Caveats are abound however; count on tight end Paul Carrezola seeing a fair bit of time in sort of a hybrid H-Back role in double TE sets, staying back a bit as D.C. Jefferson stretches the field. Of course, now that Frank Cignetti has the infinite army of awesome receivers at his disposal, there will be plenty of temptation to go full-on Ciarrocca and ask Chas Dodd to air the ball out of Shotgun, multi-receiver sets on every down. That's...an option, but last year proved it to be pretty fruitless, and Cignetti's track record points more towards a play-action (yay, Savon!), spread the ball around, quick release approach. Sort of a mix between the John McNulty and Craig Ver Steeg eras. The latter saw the far-underrated Sam Johnson play almost as much as Clark Harris, and that's probably what will end up happening this fall. Most likely, while Martinek is technically listed as a fullback, he'll see time in single-back, two TE sets; counted on as a reliable third down receiving and goal line option.

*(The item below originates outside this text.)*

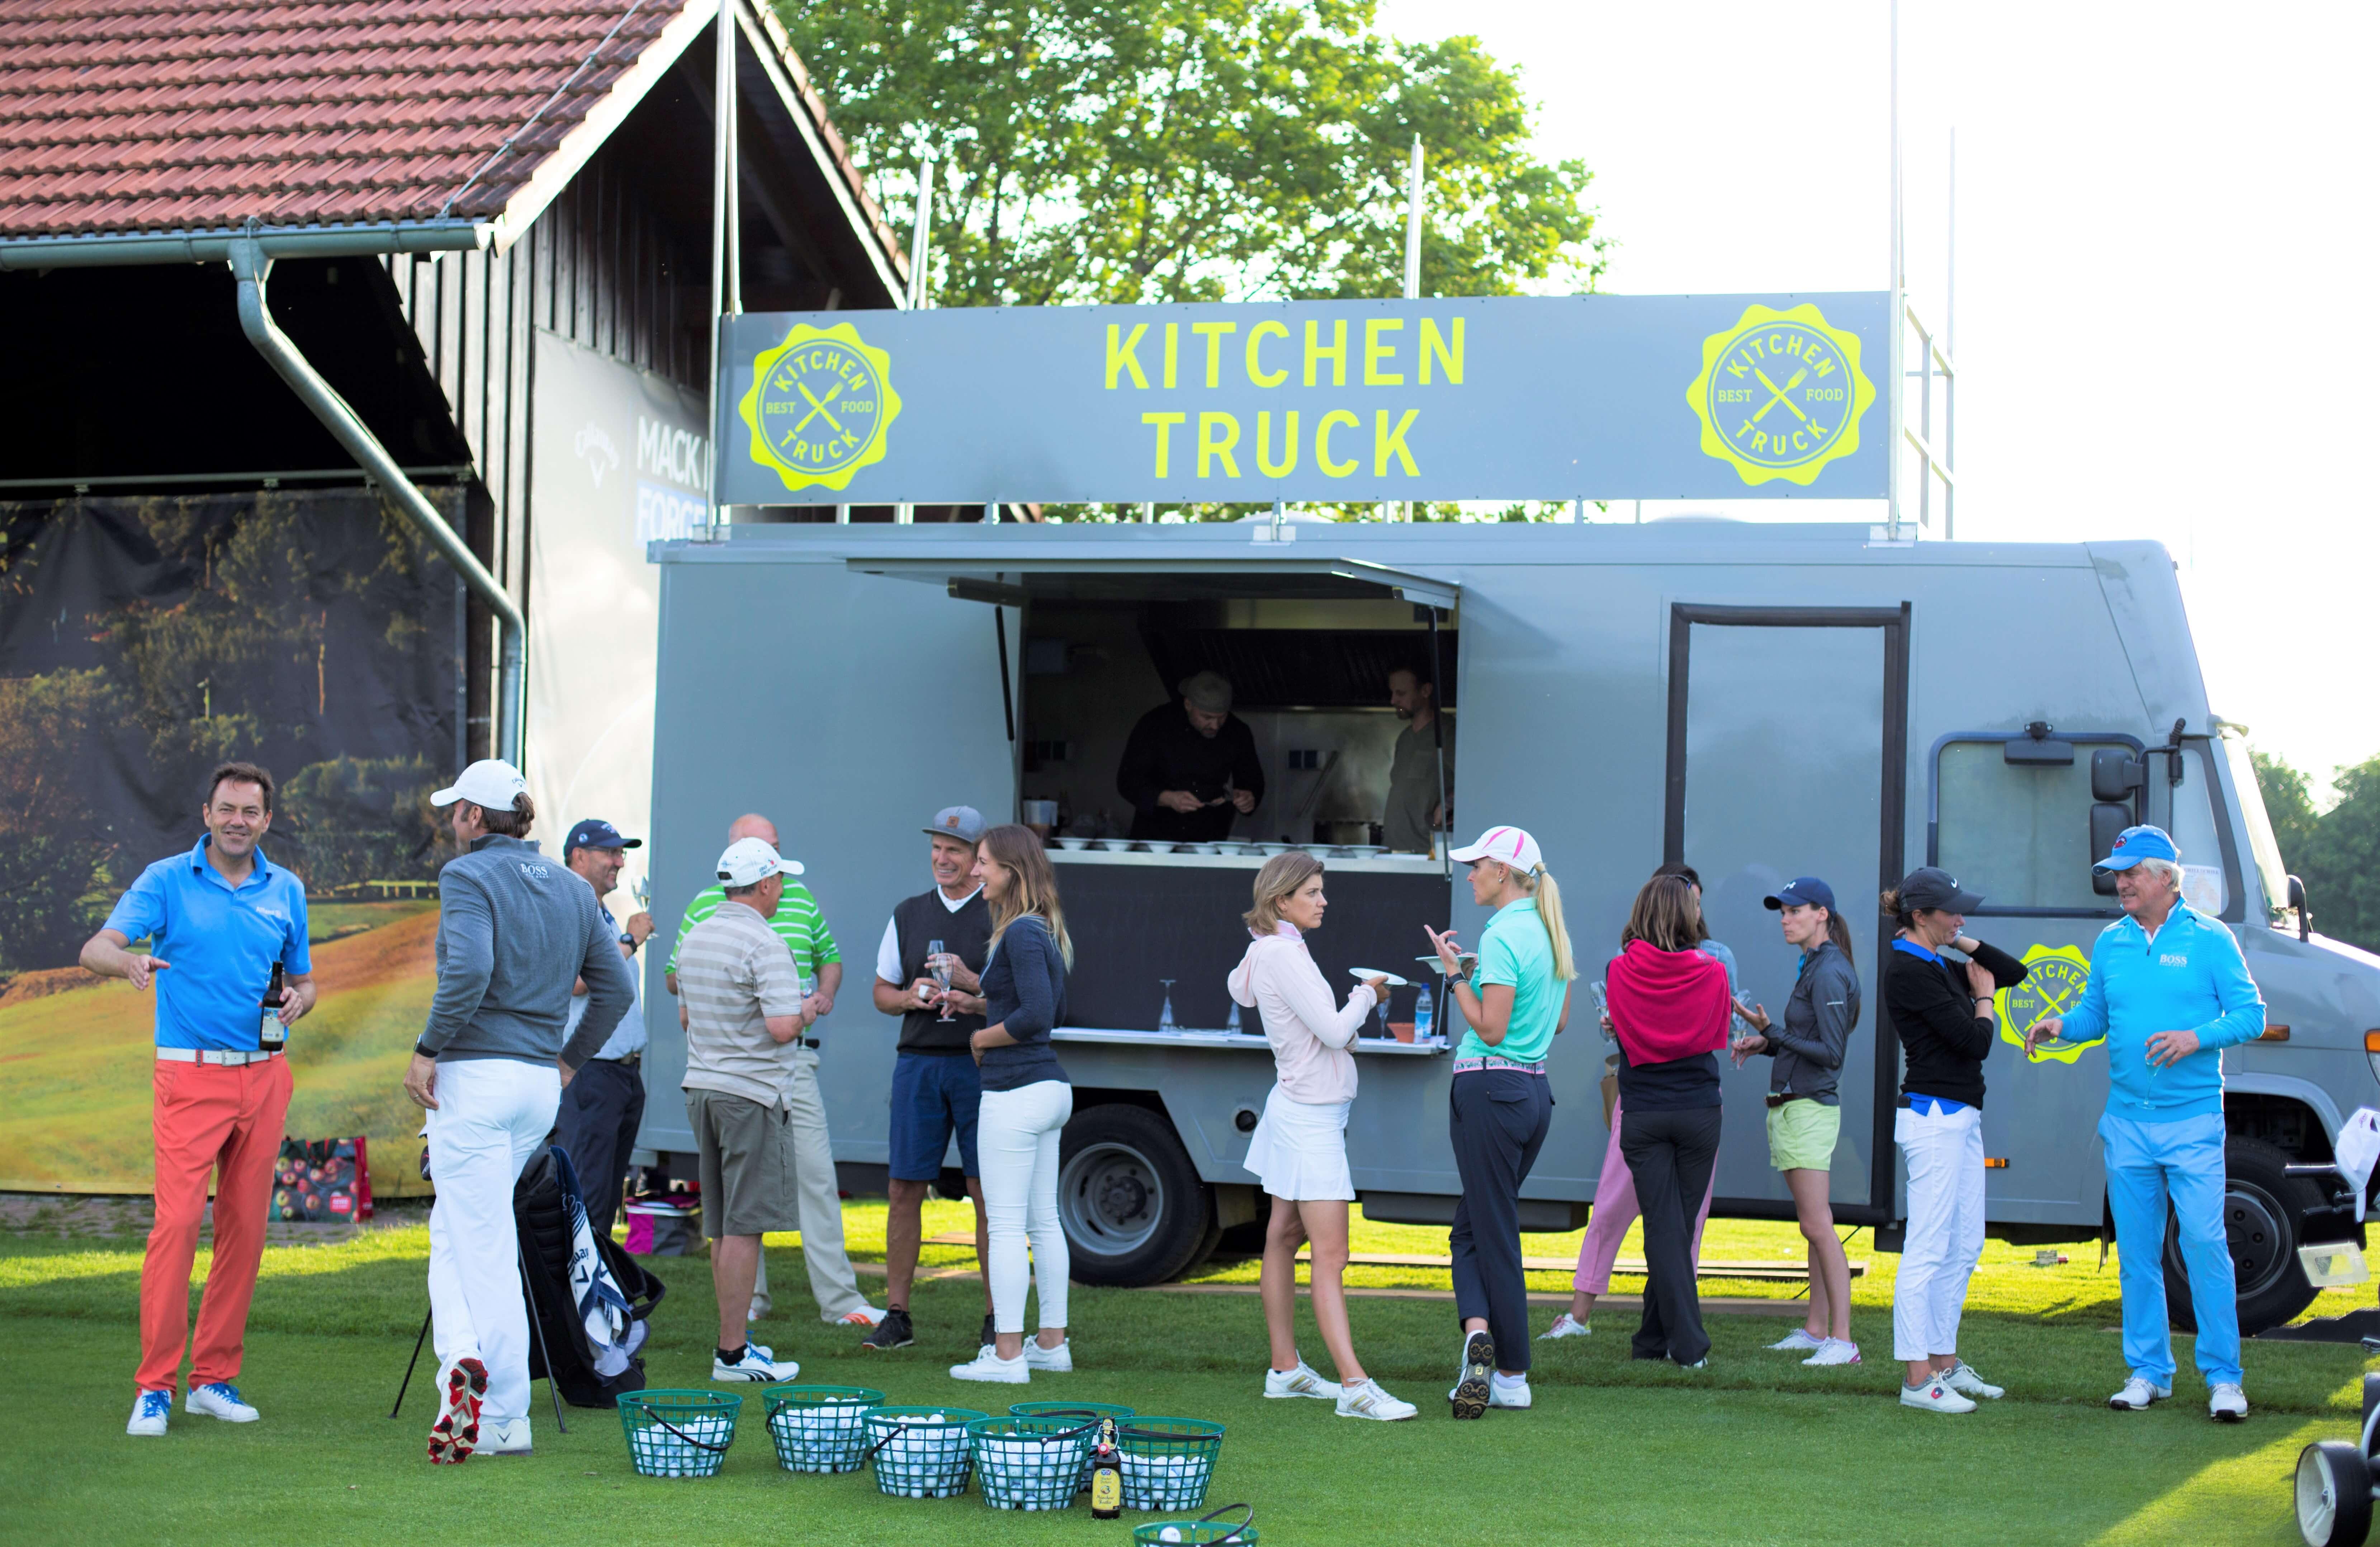 Einer unserer erfolgreichen Food Trucks: Der Kitchen Truck in München!

Heck yes, it's time to be excited. Rutgers finally is going to be Rutgers again, maddening inconsistency and all, and we have Savon Huggins to thank for it. The backfield won't be perfect, but there's a lot of depth at running back, enough that a Jordan Thomas could move to corner, or Casey Turner transfer without much cause for alarm or even batting an eye. You wish there was another bruising blocking fullback, a Hoagie Morales/Ishmael Medley-type to just flatten people, and open running lanes for Sayvonnnnnn to cut through, but that'll come in time. For now, just be thankful for The Great One, at least until we toss him aside as a flash in the pan and proclaim somebody else as the next big thing. And please, if it all possible, try to pronounce the guy's first name correctly; an Oprah-like inflection at the end certainly helps.